◆ **EXERCISE**
With the pictures omitted, write out all of the listing exactly.

◆ **DATASET EXCERPT**
Segment Open

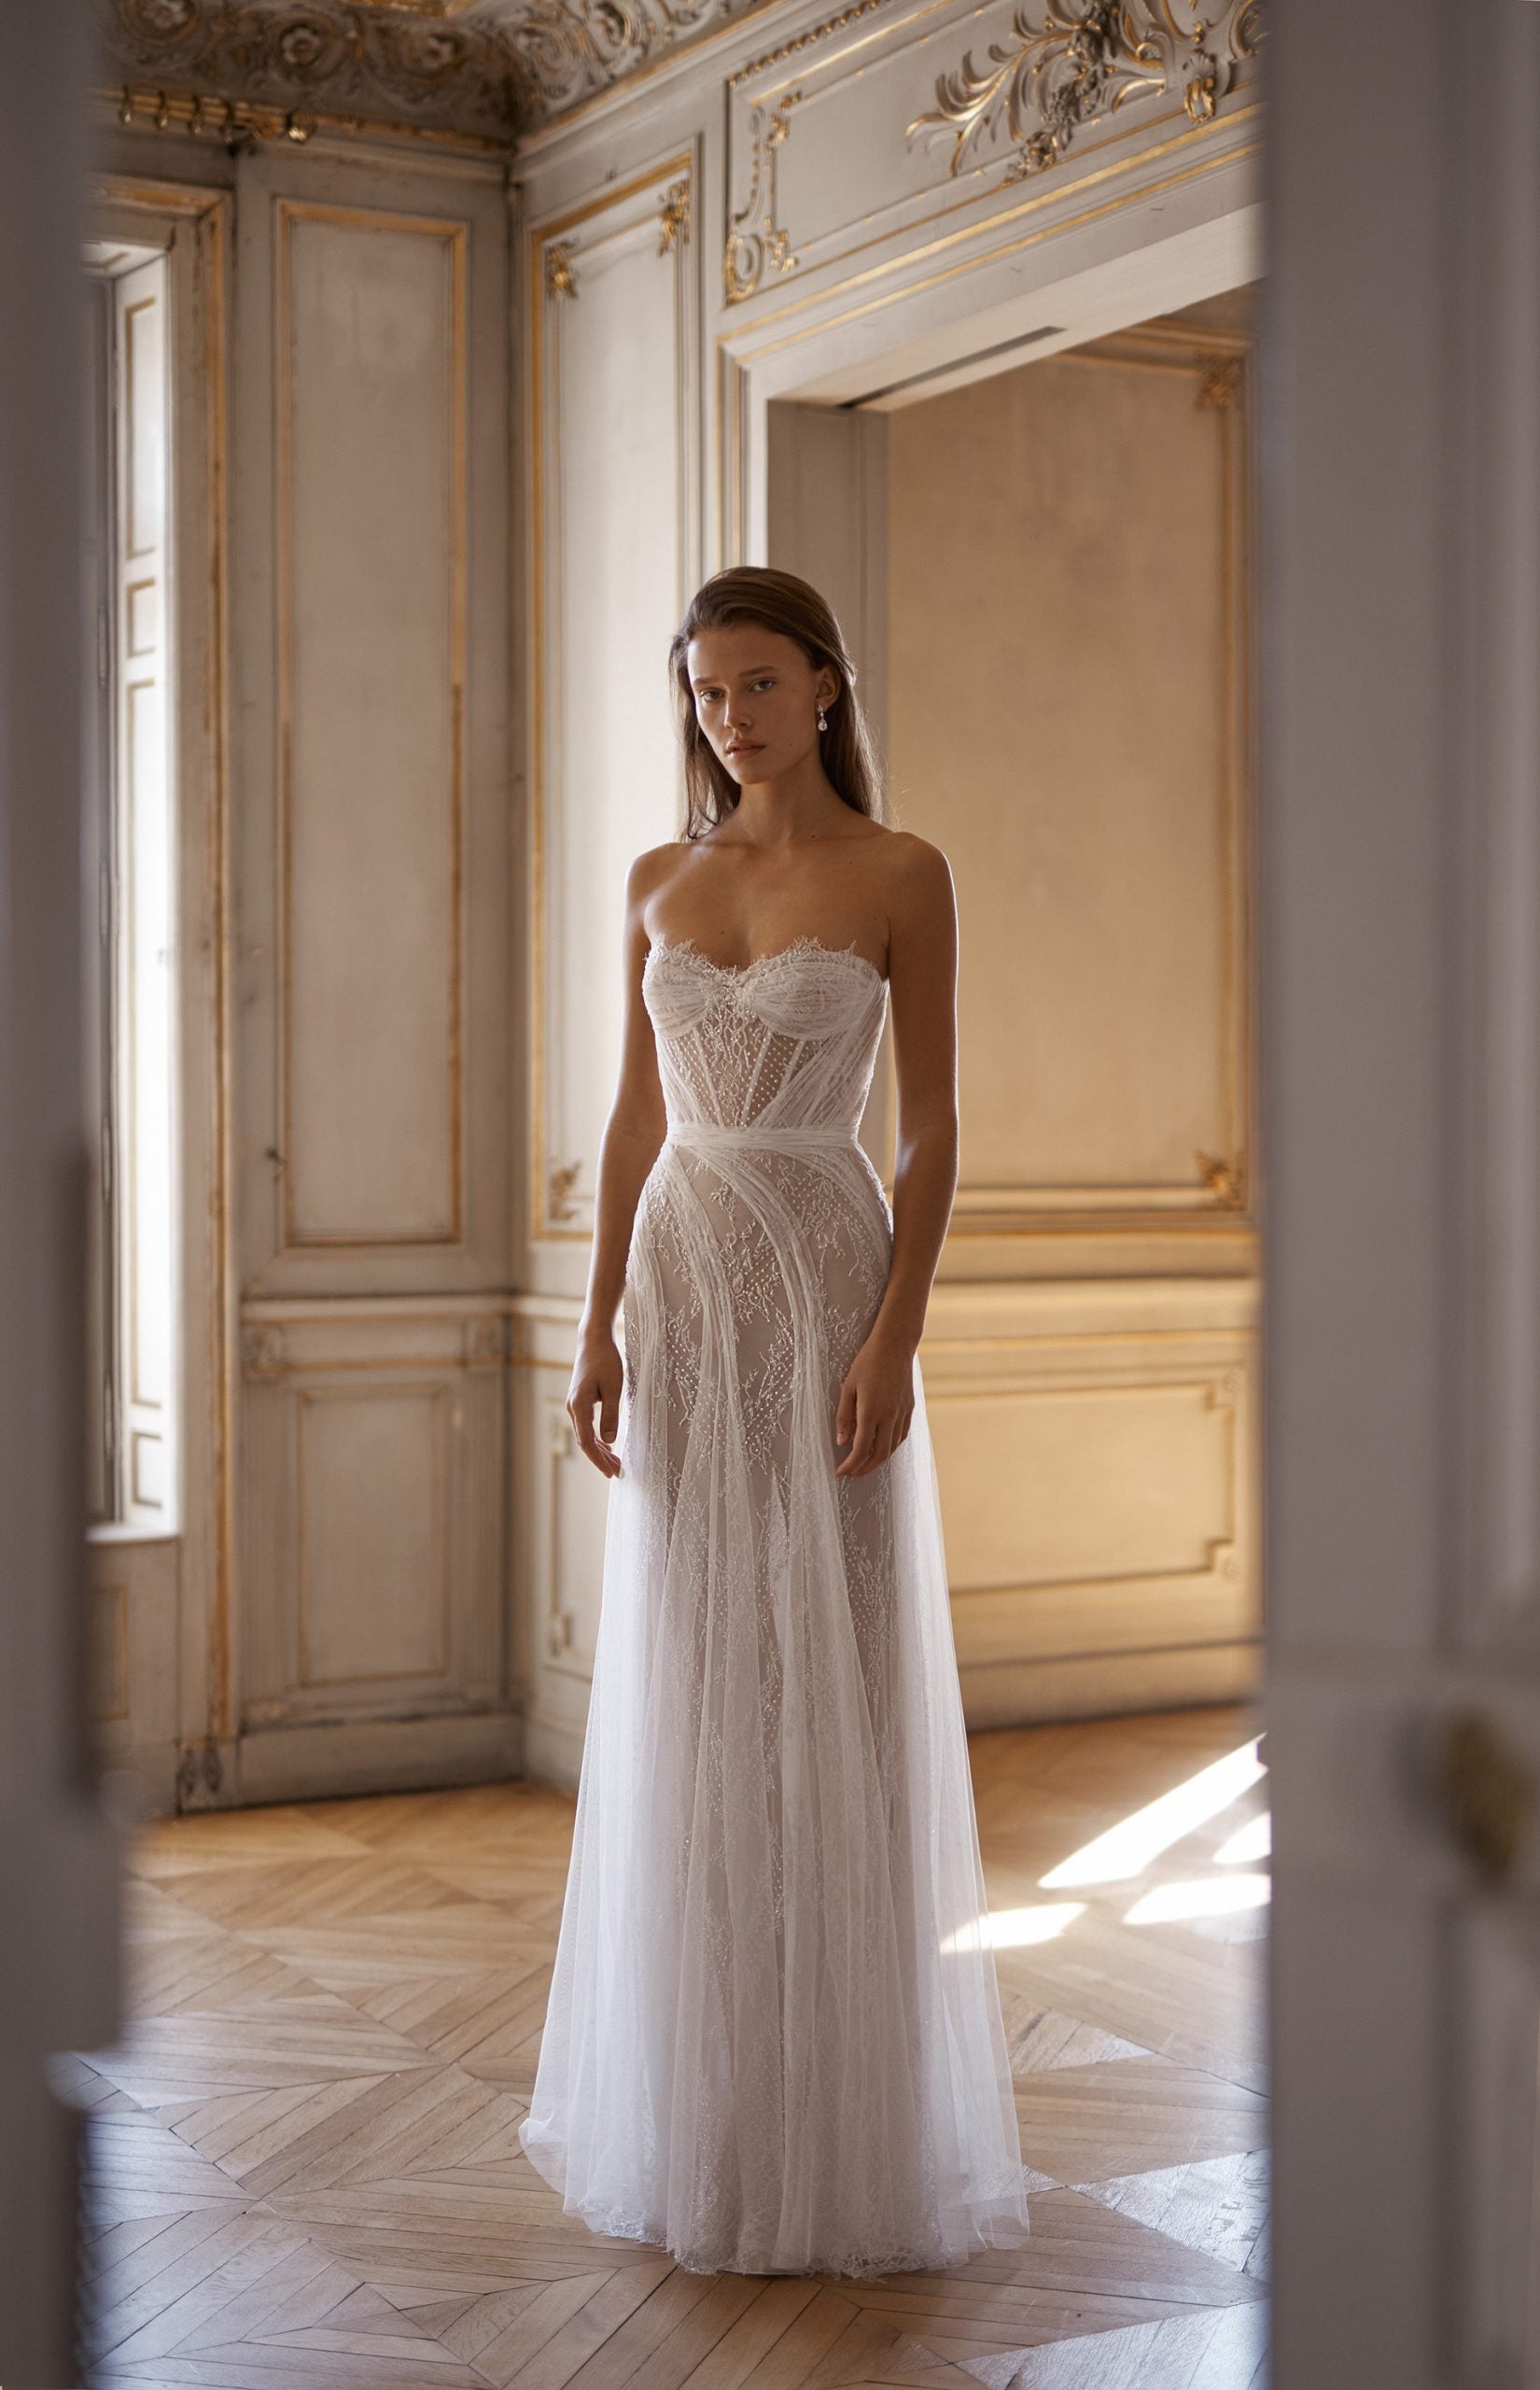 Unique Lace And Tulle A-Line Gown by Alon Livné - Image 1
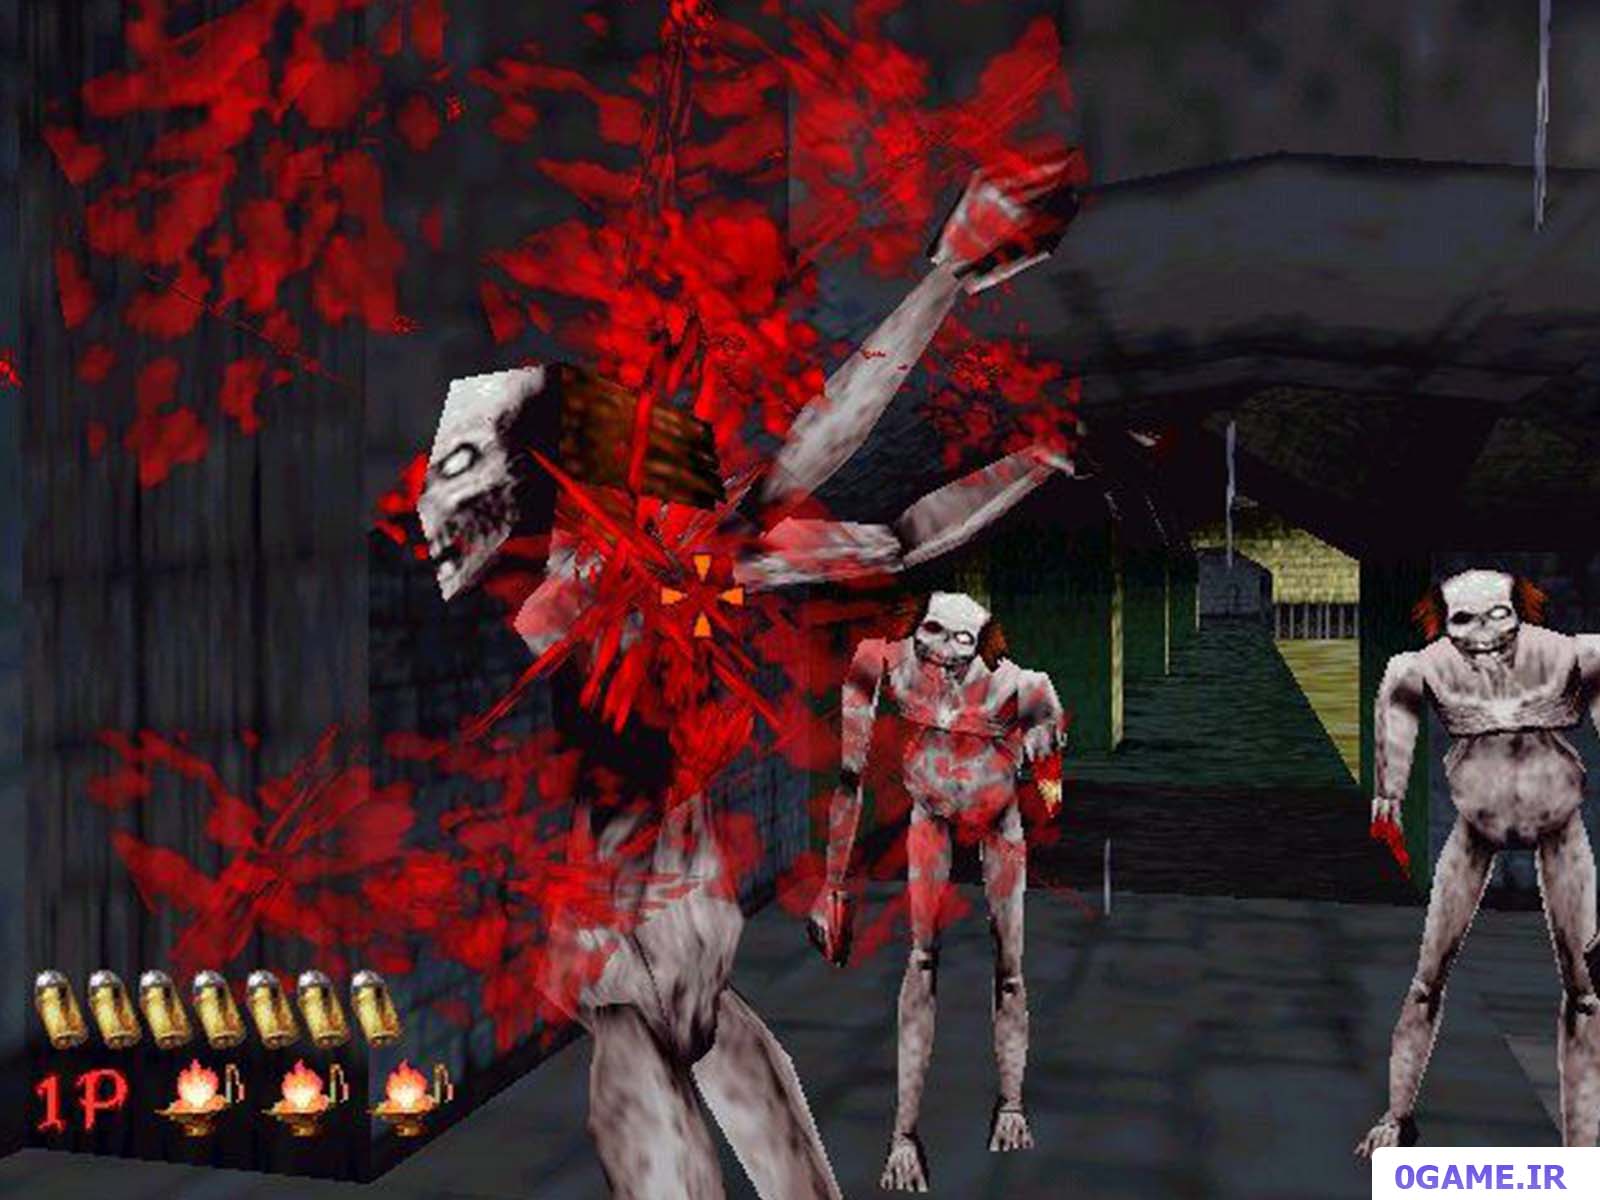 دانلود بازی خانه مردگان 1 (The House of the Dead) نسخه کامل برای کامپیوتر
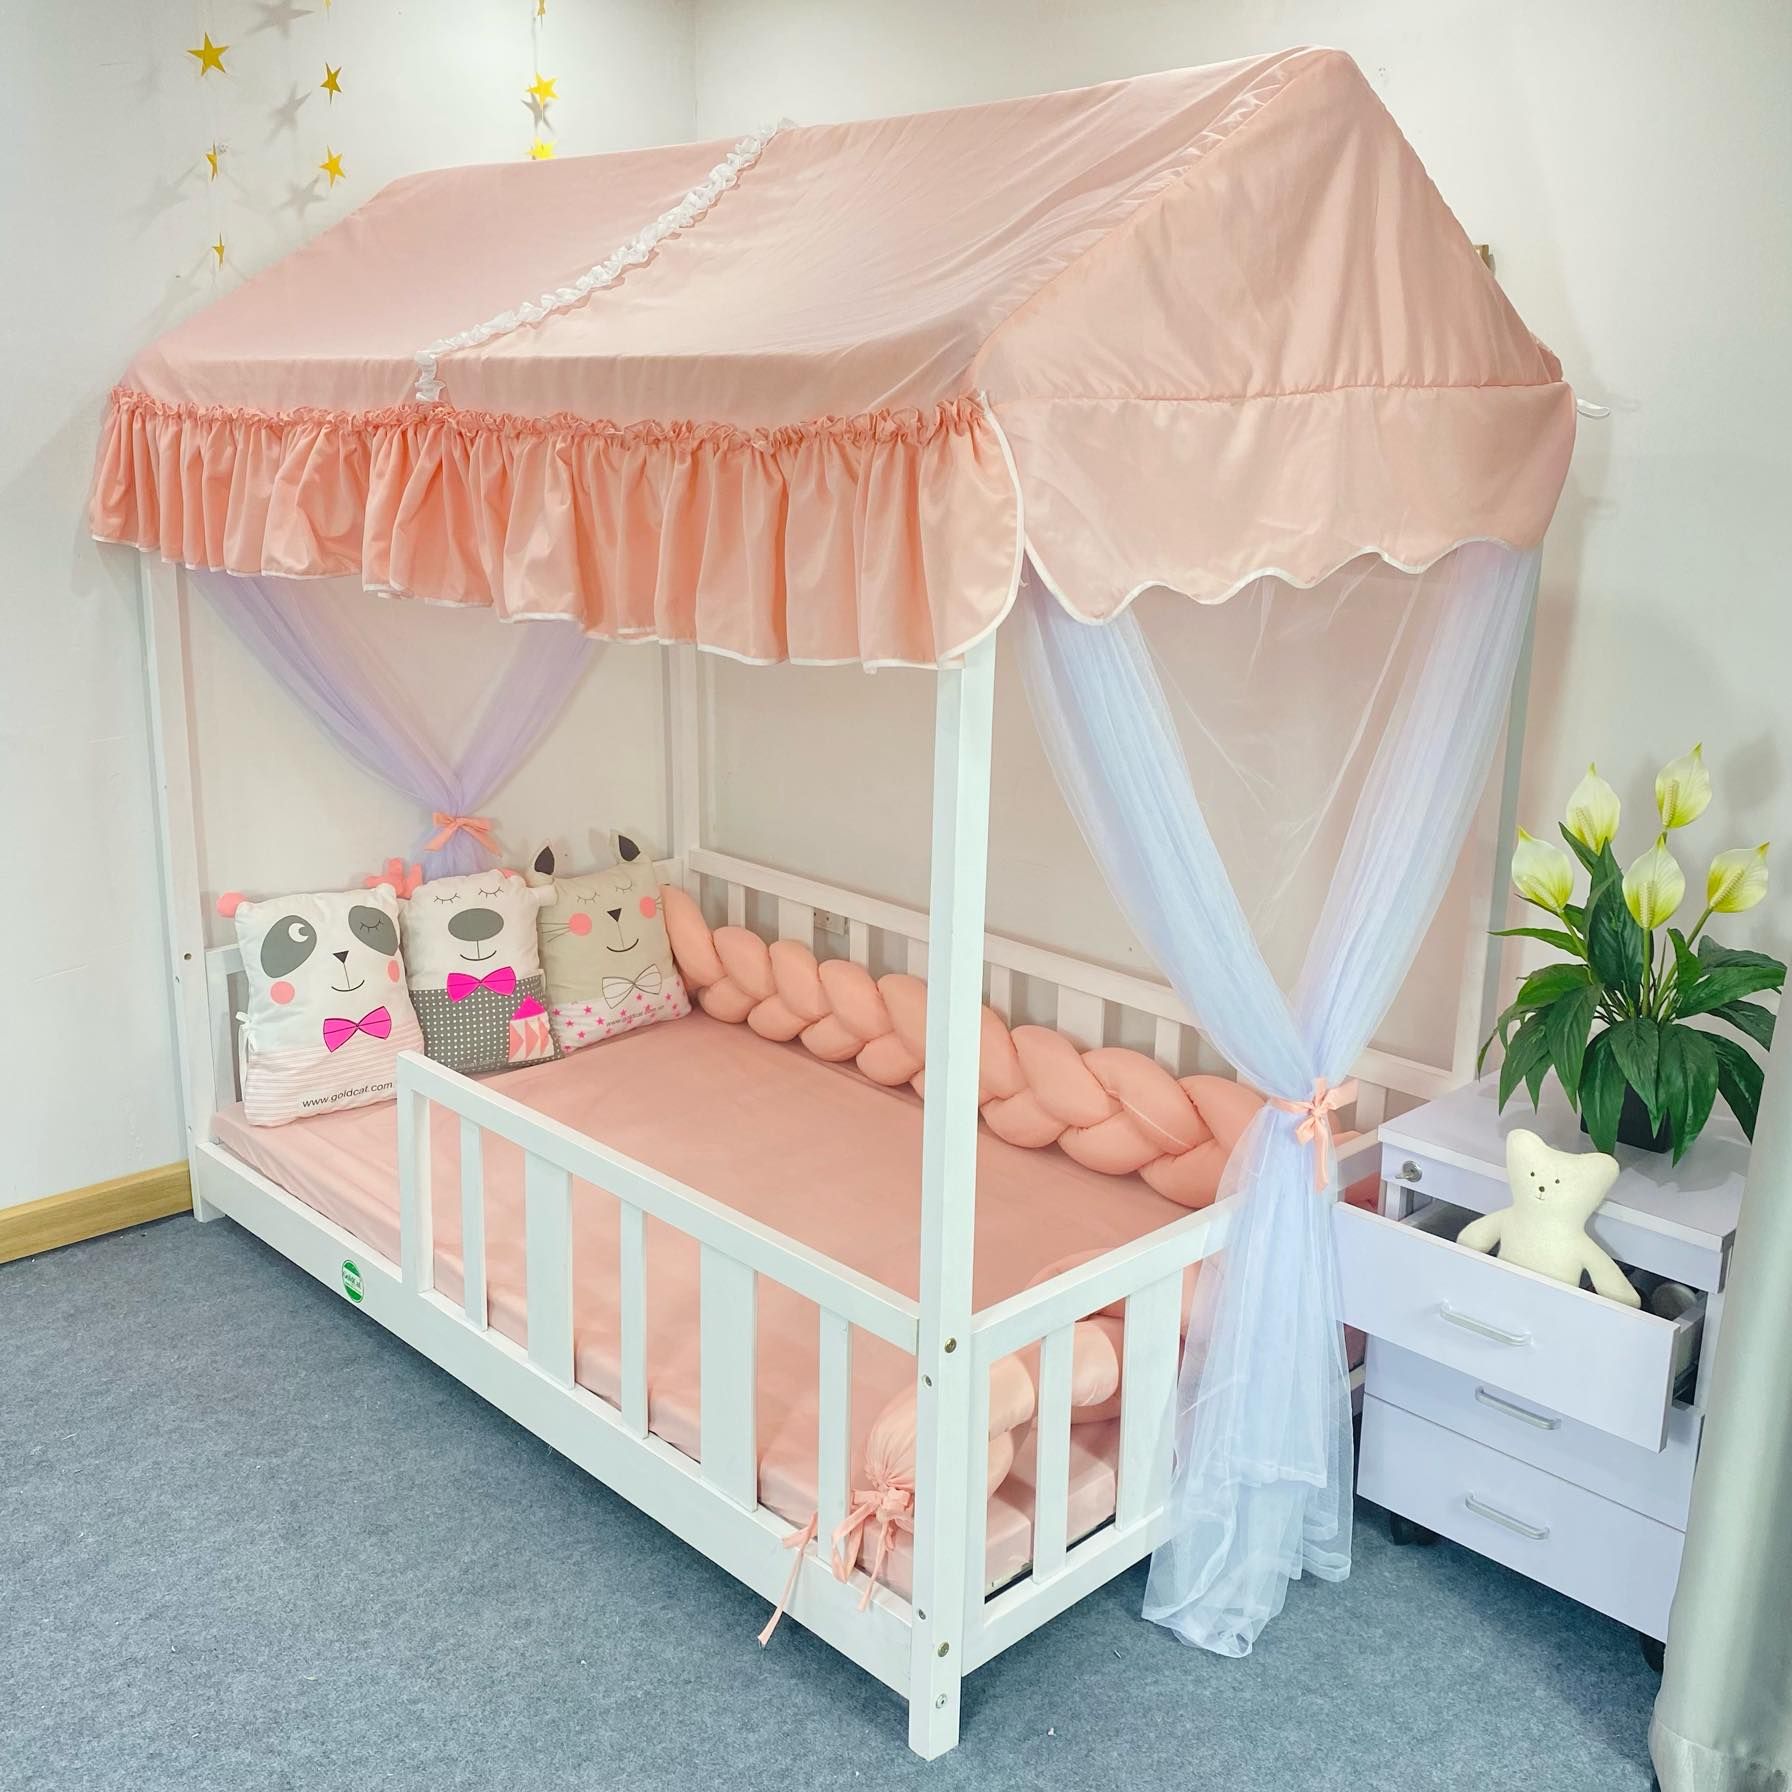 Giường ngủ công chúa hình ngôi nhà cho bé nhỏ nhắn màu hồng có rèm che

Segment Closed

◆ **ANSWER**
 Unique Lace And Tulle A-Line Gown by Alon Livné - Image 1
 دانلود بازی خانه مردگان 1 (The House of the Dead) نسخه کامل برای کامپیوتر
 Giường ngủ công chúa hình ngôi nhà cho bé nhỏ nhắn màu hồng có rèm che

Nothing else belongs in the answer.